Starter culture: Yoghurt culture was obtained from Chr. Hansen Lab., Copenhagen, Denmark (Yo- mix 495).
Rennet: Powder rennet was obtained from DSM Food specialties company, France.
Salt: Commercial sodium chloride was obtained from El-Nasr Company, Alexandria, Egypt.
Heavy metals Standards (Pb, Cd, Fe, Cu, Zn and Cr): were obtained from Sigma-Aldrich Company.
Analysis of heavy metals: Heavy metals level (Pb, Cd, Fe, Cu, Zn and Cr) in milk and milk products samples were analyzed as the following:
All reagents were of analytical reagent grade unless otherwise stated. Double-deionized water was used for all dilutions. HNO3 and H2O2 were of super pure quality. Samples (0.5 g) were digested with 7 mL of HNO3 (65%) and 1 mL of H2O2 (30%) in Advanced Microwave Digestion for 31 min and diluted to 100 mL with deionized water. A blank digest was carried out in the same way (digestion conditions for microwave system were: 2 min for 250 W, 2 min for 0 W, 6 min for 250 W, 5 min for 400 W, 8 min for 550 W, vent: 8 min, respectively). This procedure was preferred because of its higher accuracy with respect to both time and recovery values. The recovery values were nearly quantitative (>95%) for the above-mentioned digestion method.
Analysis of trace elements in milk samples was by an Inductively Coupled Plasma Atomic Emission Spectrometry (ICP-AES) using iCAP 6000 Series; Thermo Scientific (Germany) was used for the analysis of the studied trace elements in milk and milk products samples.

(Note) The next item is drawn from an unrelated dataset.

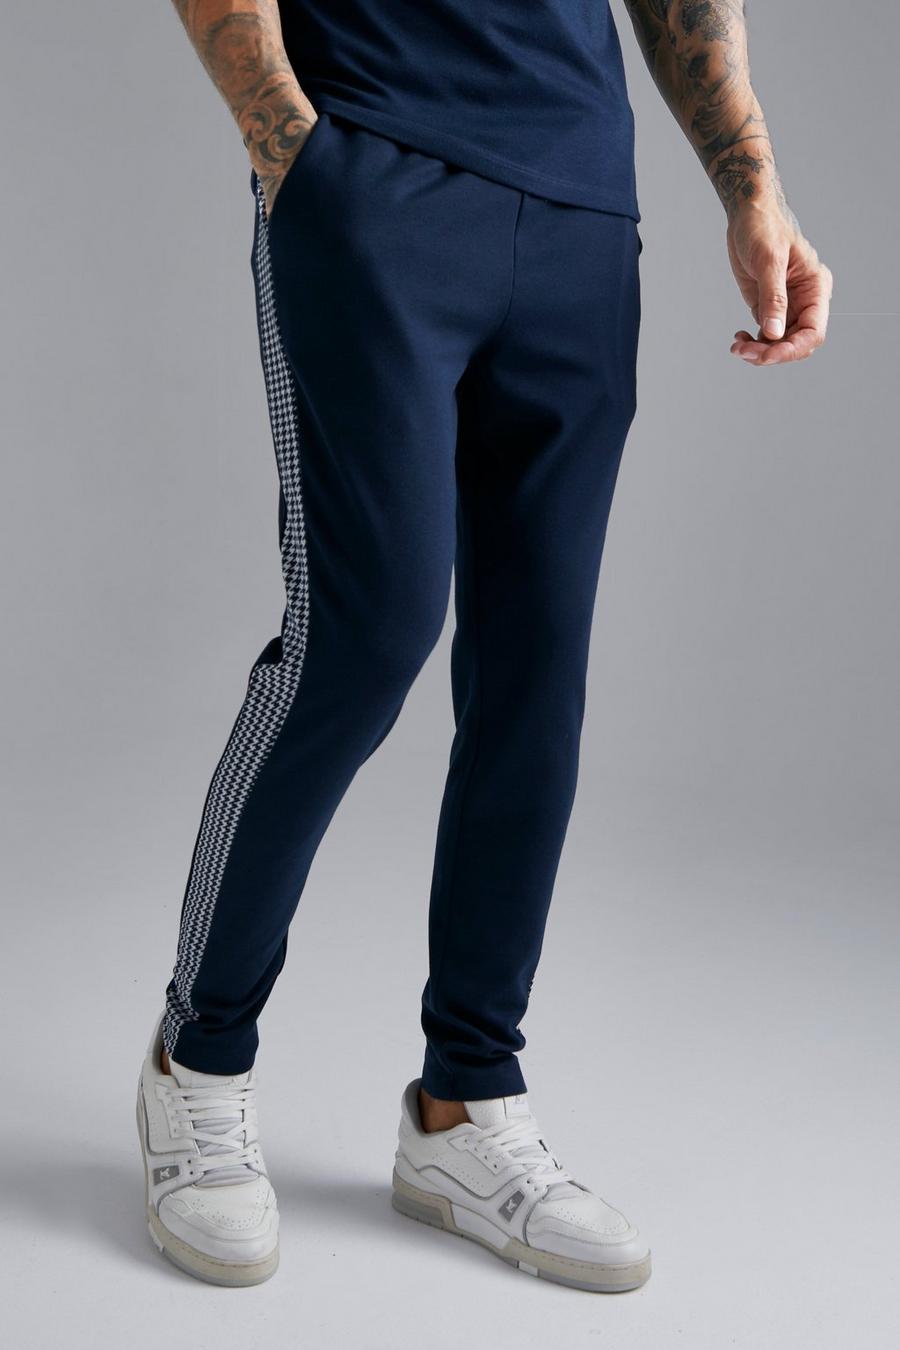 Pantalón deportivo pitillo con panel de jacquard, Navy azul marino

Fresh domiati cheese: Domiati cheese is very popular amongst Egyptians who
consume it either fresh or ripened by pickling after 3 months of storage. It
is considered as cheese with a very high salt compared to other soft types (up
to 10%) where salt is added directly to the milk before renneting. Its composition
according to the Egyptian standards should not exceed 60% for moisture content
and 9% for salt content. A minimum limit of 40% is prescript for Fat/Dry Mutter
(FDM). Additionally, the cheese should meet the Egyptian standards for absence
of pathogens and harmful additives. Domiati cheese was manufactured according
to Fahmi and Sharara (1950).
Fresh UF cheese: Ultrafiltration is a membrane separation process which is carried out under pressure using a semi-permeable membrane made out of a high polymer substance or cellulose acetate. The milk constituents that pass through the membrane are referred to as permeate and the materials that do not pass through the membrane are known as retentate. Thus in theory, the application of Ultrafiltration in the cheese industry resembles the traditional concept of cheese making in which the milk fat and proteins are concentrated by means of whey separation.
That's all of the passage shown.